DATA Start Marker

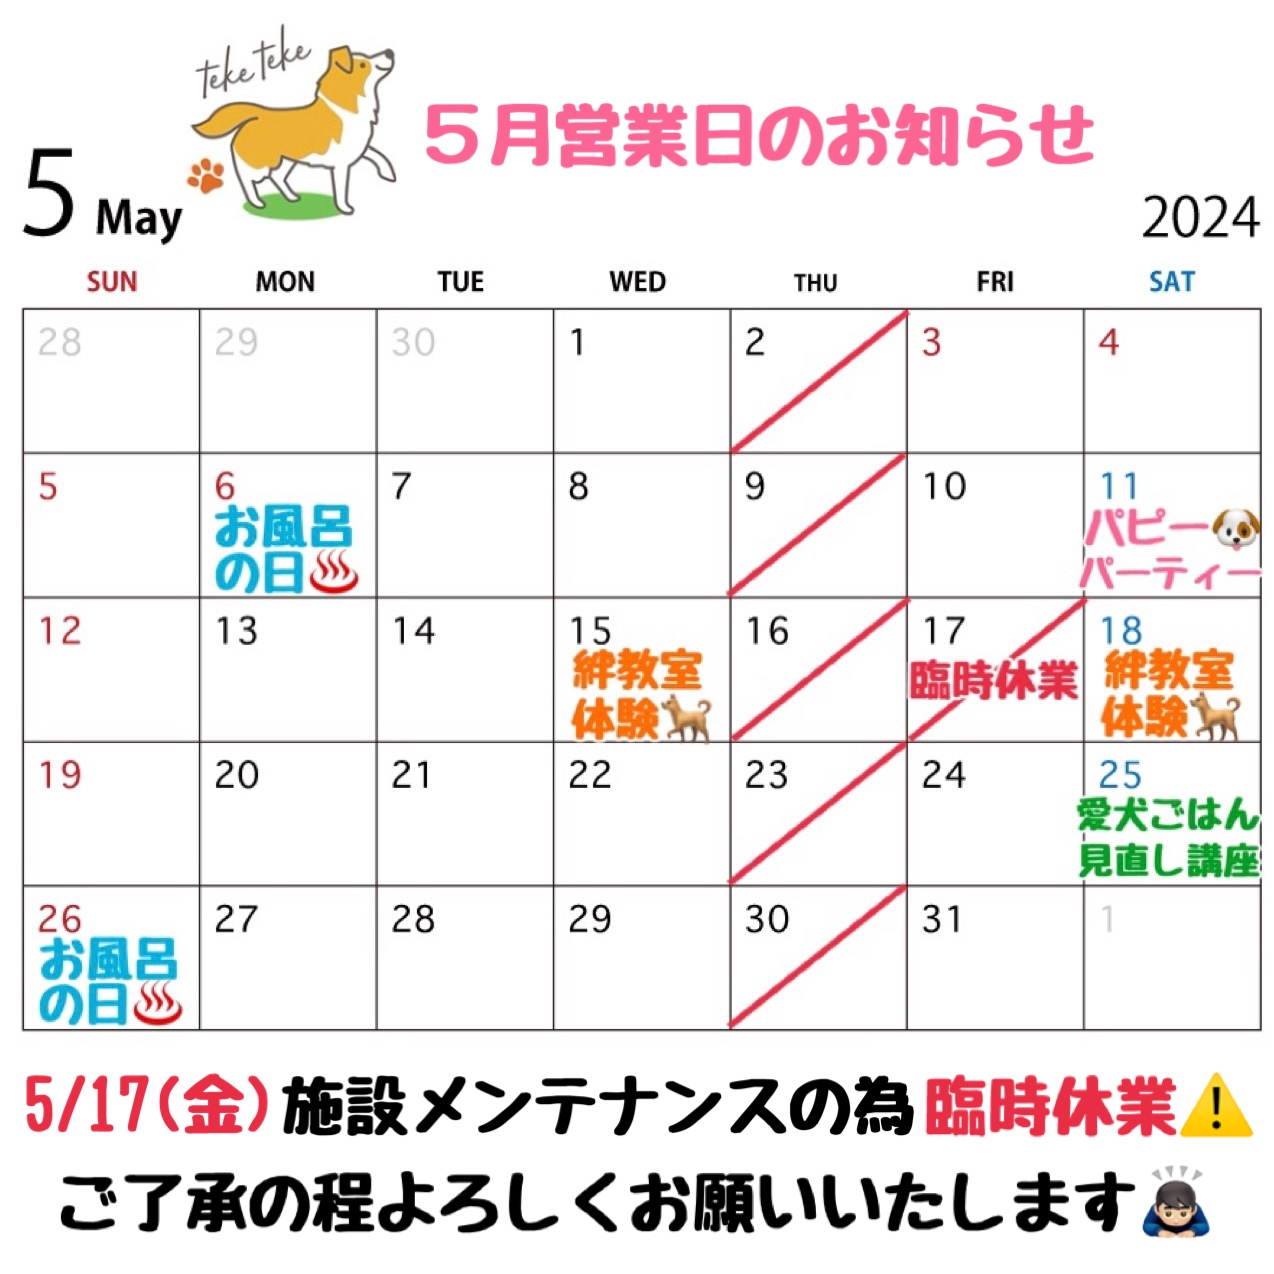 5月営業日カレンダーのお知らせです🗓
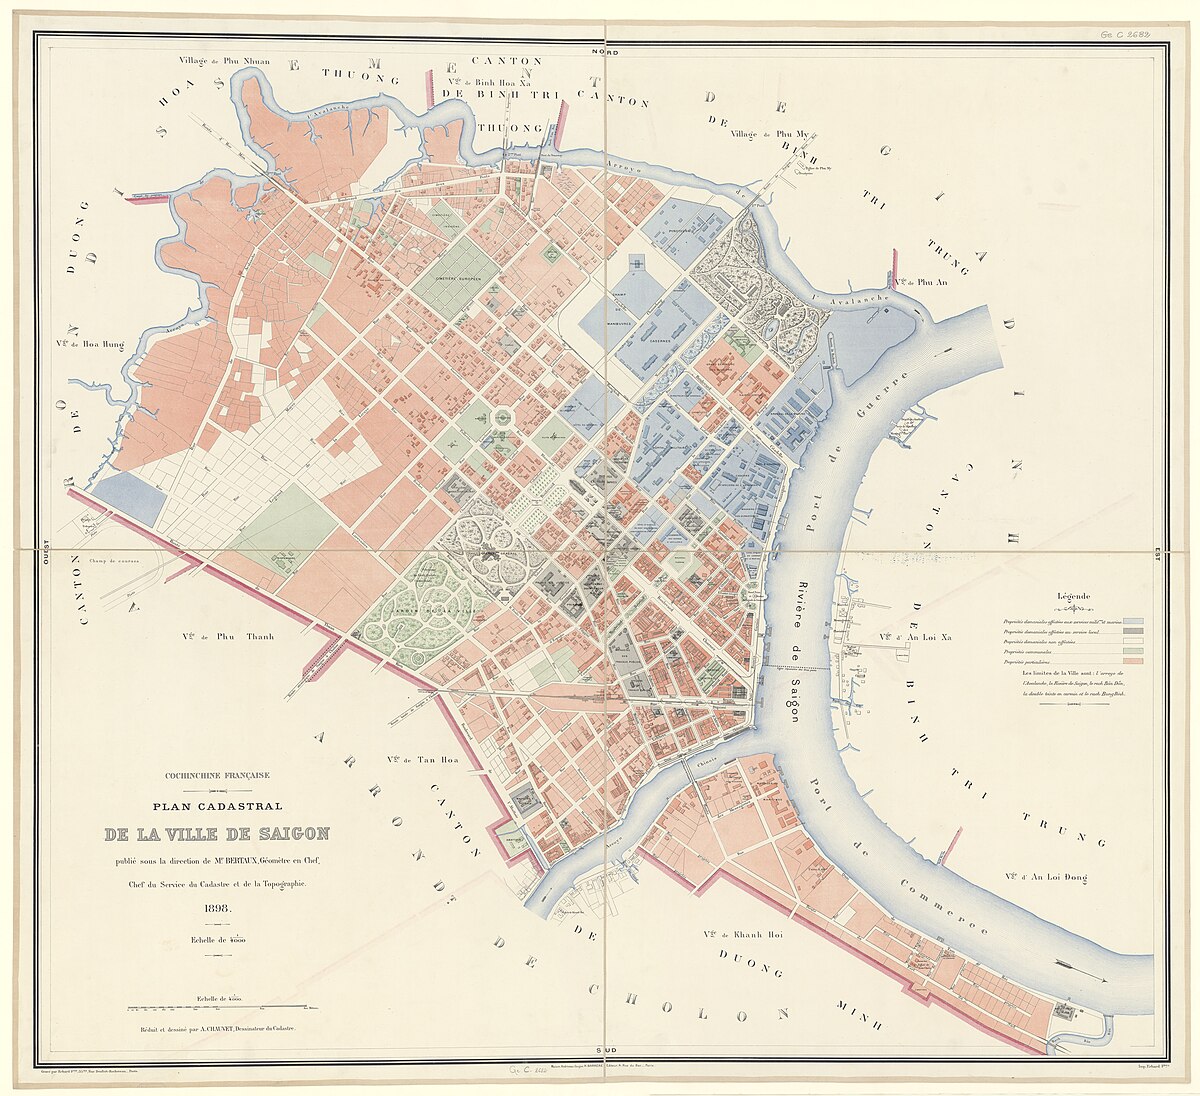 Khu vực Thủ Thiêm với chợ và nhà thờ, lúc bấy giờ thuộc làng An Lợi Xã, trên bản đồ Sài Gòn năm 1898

DATA End Marker
DATA Start Marker

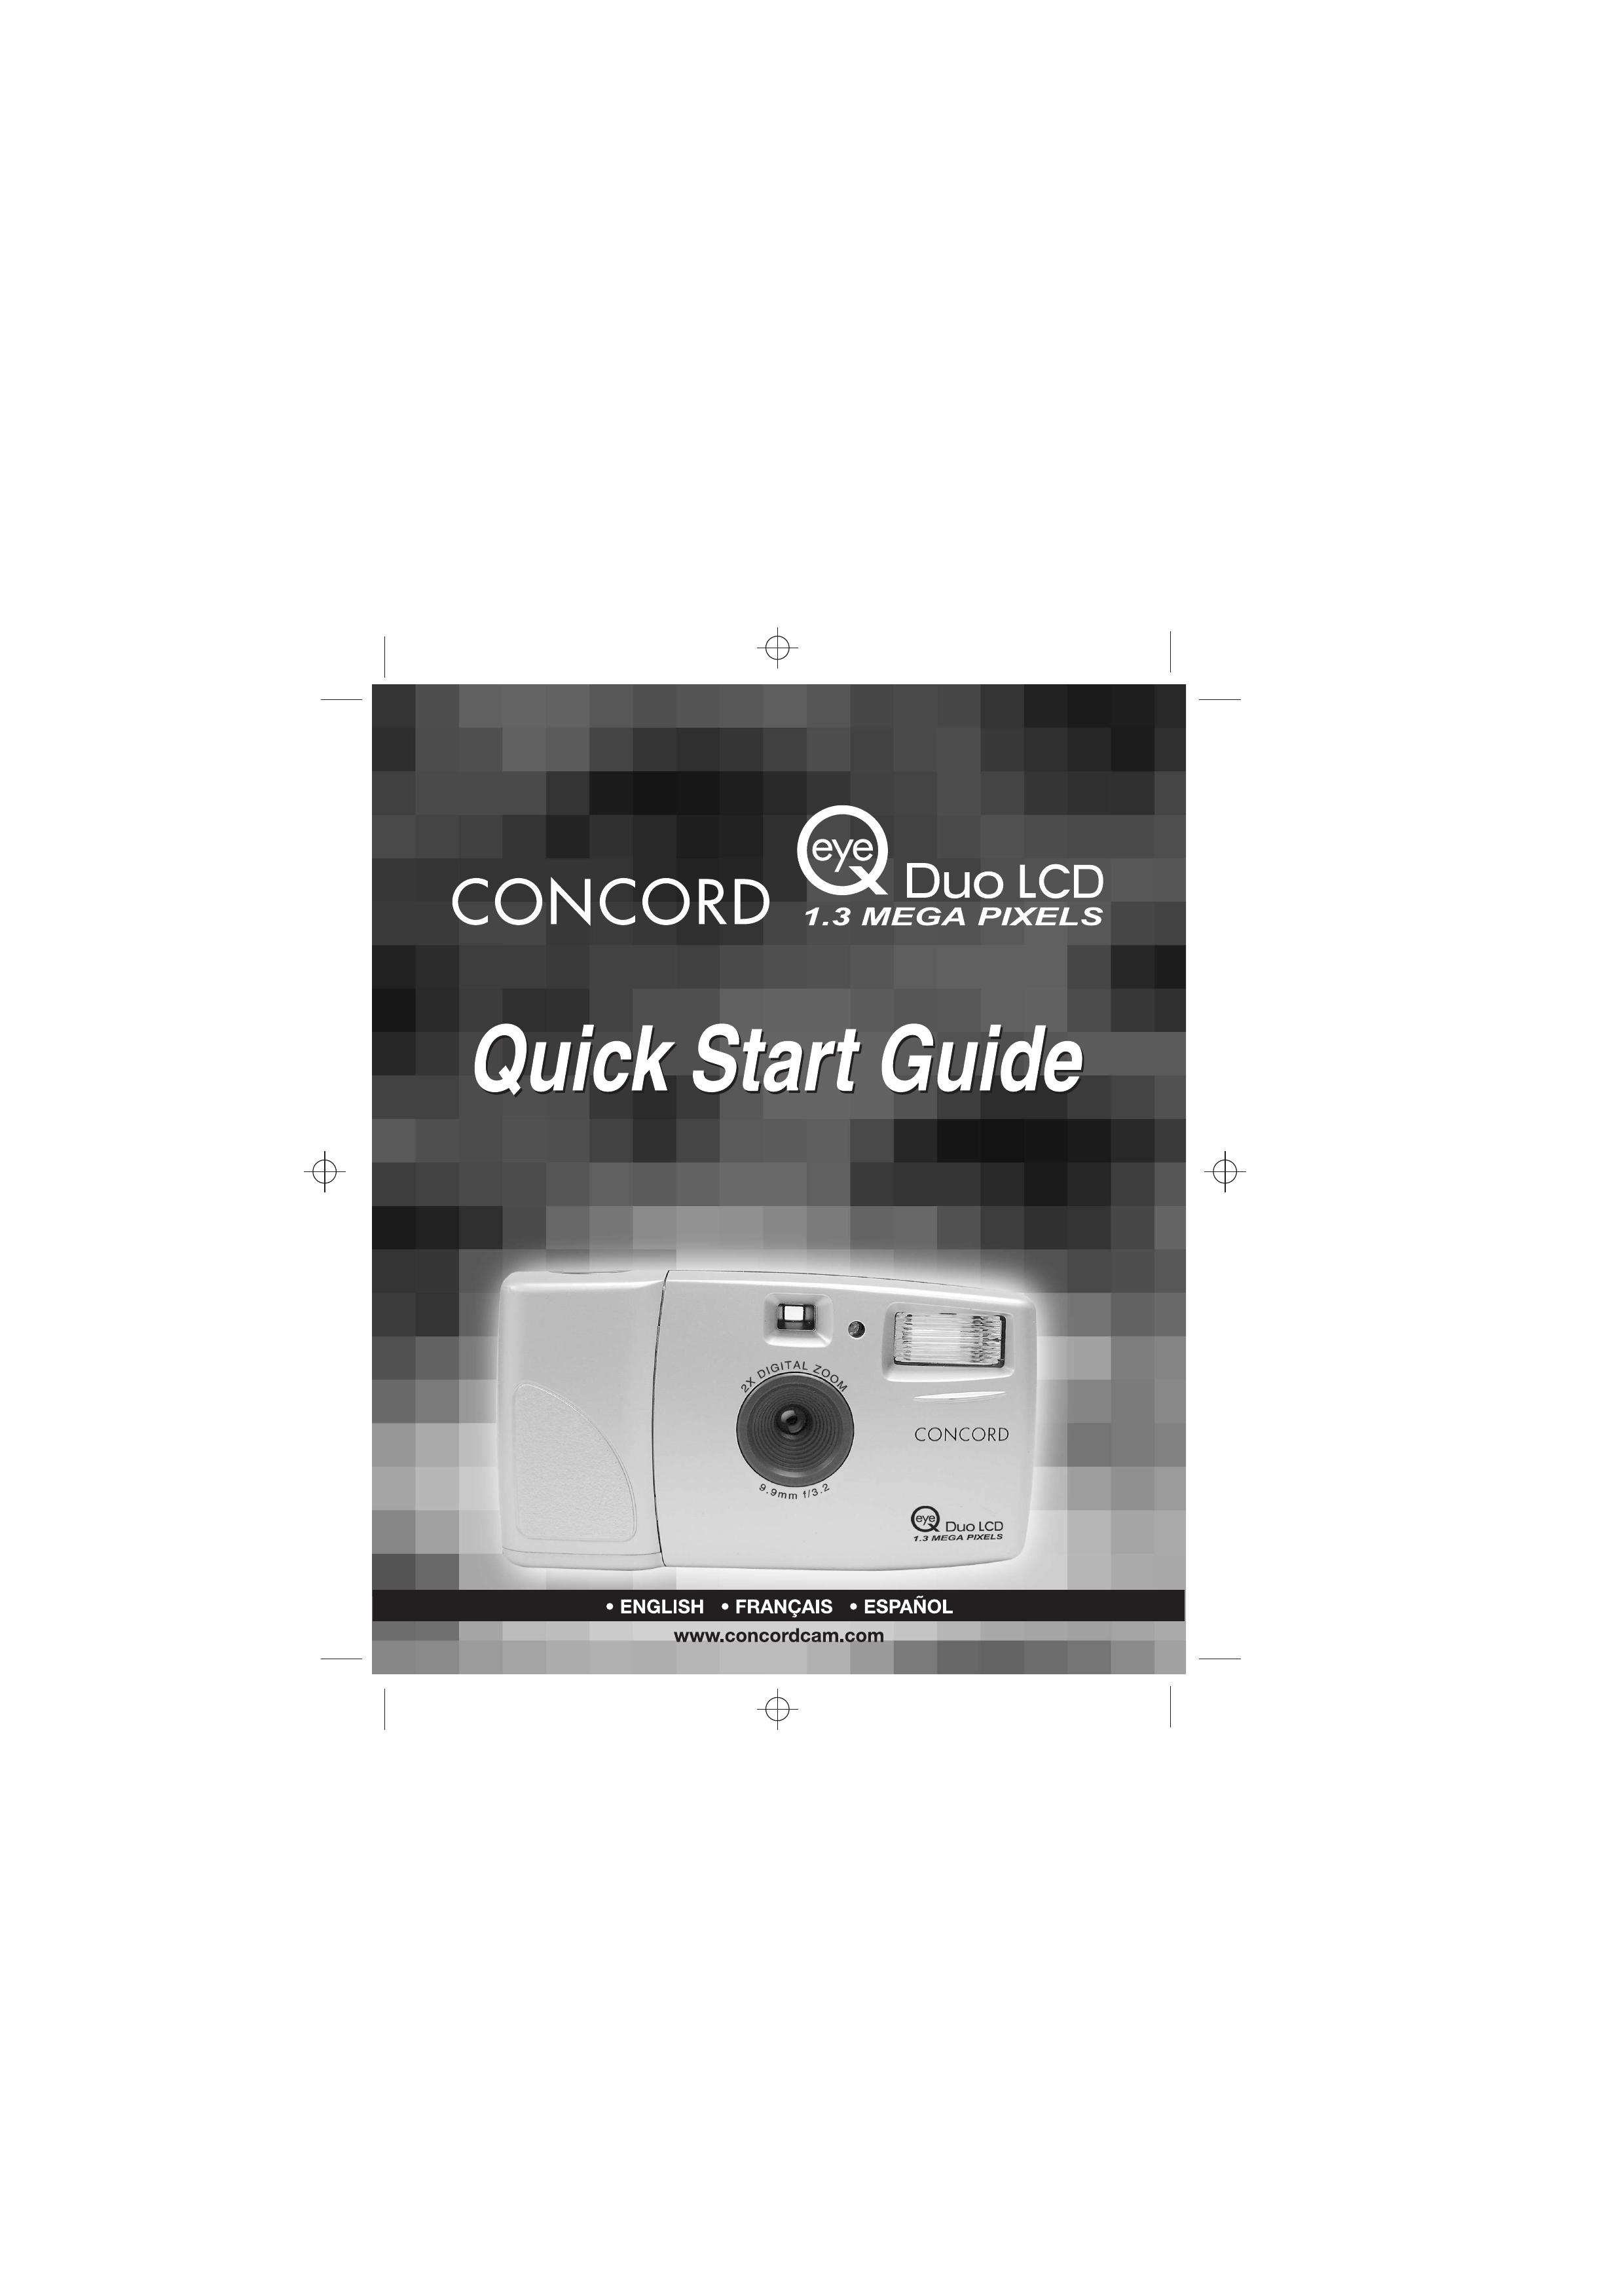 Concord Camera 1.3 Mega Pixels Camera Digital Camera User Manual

DATA End Marker

(REQUIREMENT)
Copy only the lines above from the one containing "5月営業日カレンダーのお知らせです🗓" through the one containing "Khu vực Thủ", both included. Leave out the pictures.

(TASK RESPONSE)
 5月営業日カレンダーのお知らせです🗓
 Khu vực Thủ Thiêm với chợ và nhà thờ, lúc bấy giờ thuộc làng An Lợi Xã, trên bản đồ Sài Gòn năm 1898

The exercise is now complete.